Task details
Once the line with "Wheels Chrome Inserts" is found in the entries below, print it and each following line exactly, stopping after the line with "Kusuriya no Hitorigoto"; print nothing else.

Entries shown

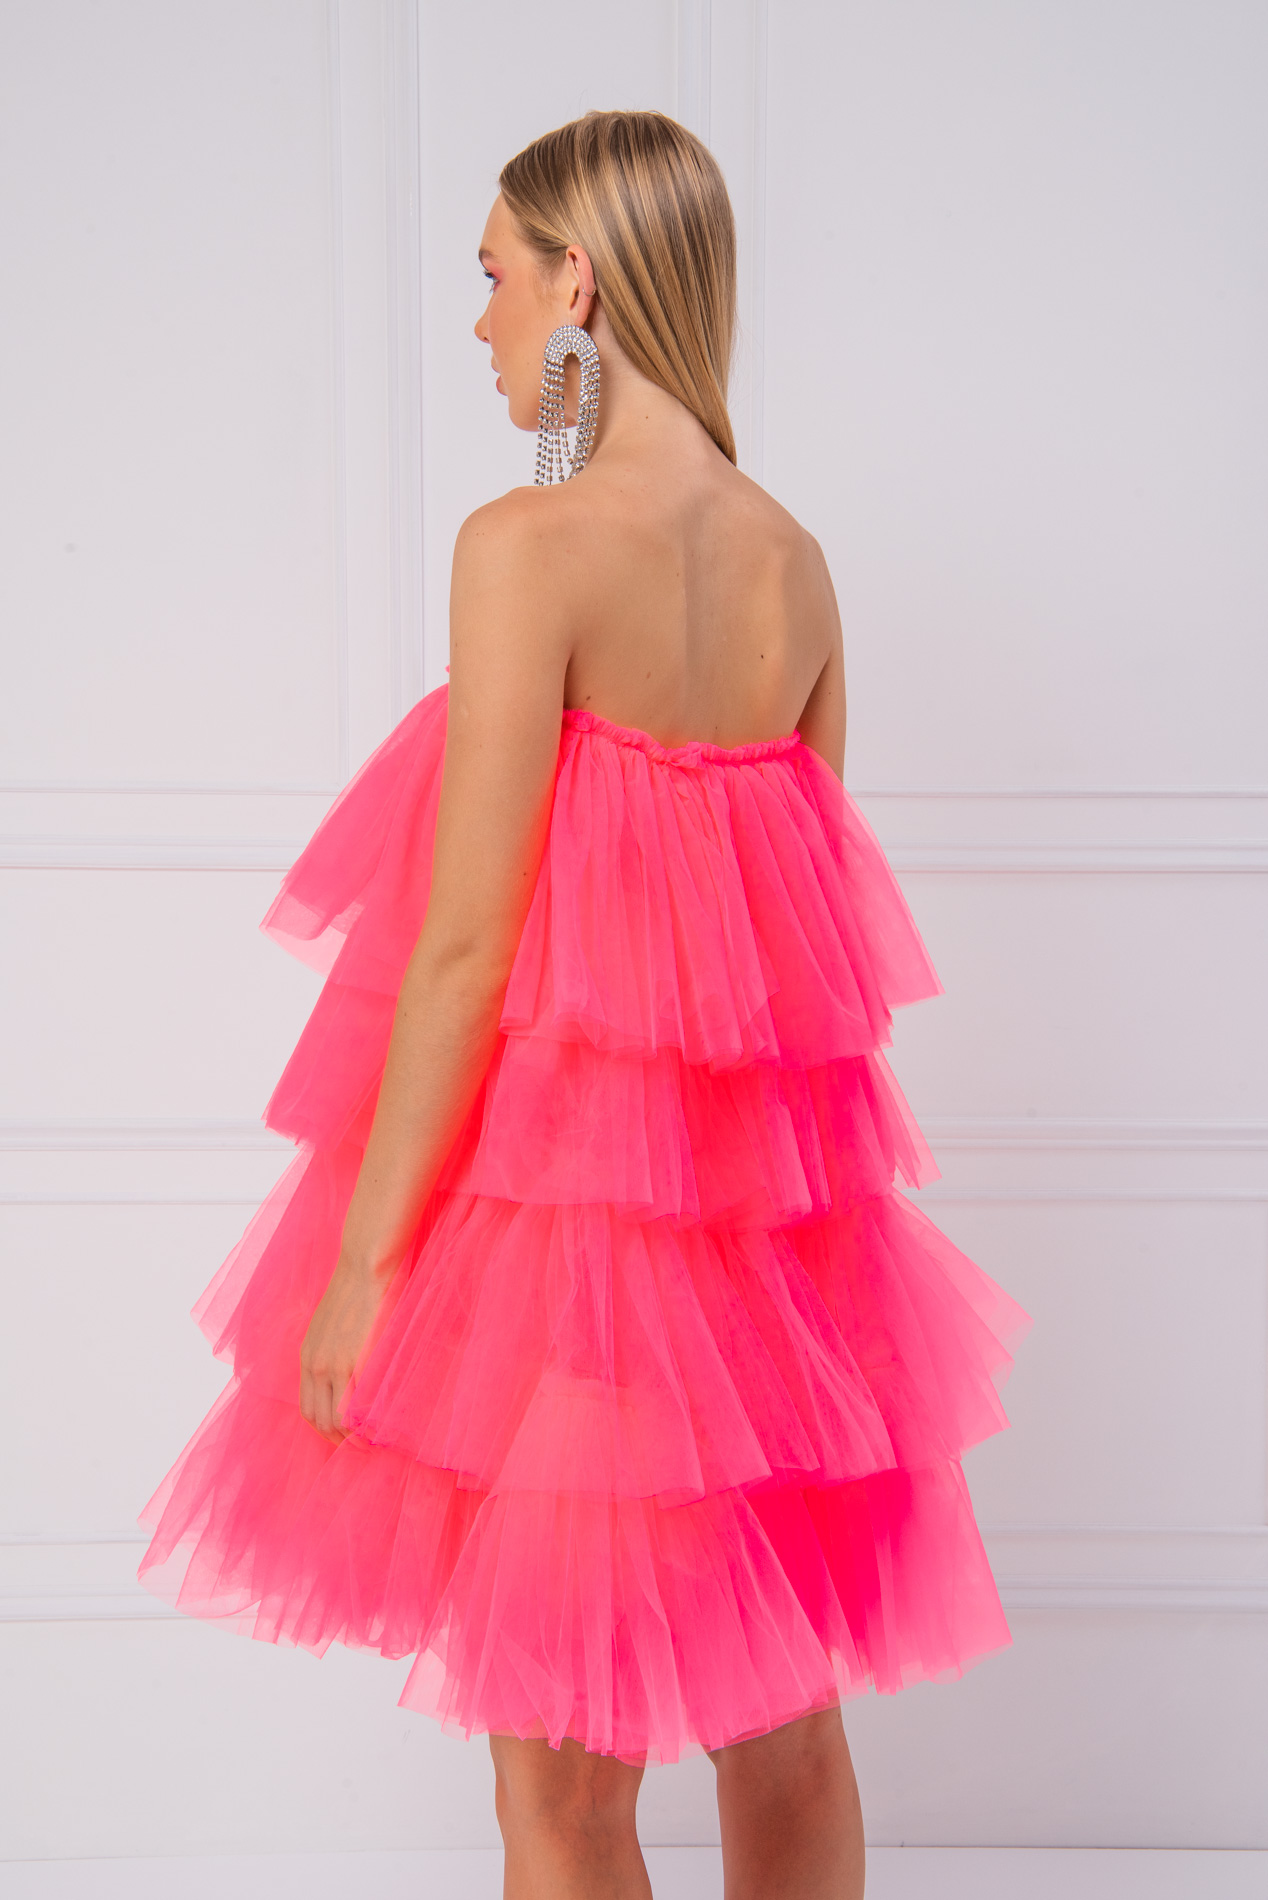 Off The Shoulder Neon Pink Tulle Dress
==
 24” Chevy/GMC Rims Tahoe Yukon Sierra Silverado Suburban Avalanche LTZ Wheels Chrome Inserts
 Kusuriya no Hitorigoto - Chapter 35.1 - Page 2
==
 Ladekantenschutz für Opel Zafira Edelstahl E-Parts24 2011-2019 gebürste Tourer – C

Task response
 24” Chevy/GMC Rims Tahoe Yukon Sierra Silverado Suburban Avalanche LTZ Wheels Chrome Inserts
 Kusuriya no Hitorigoto - Chapter 35.1 - Page 2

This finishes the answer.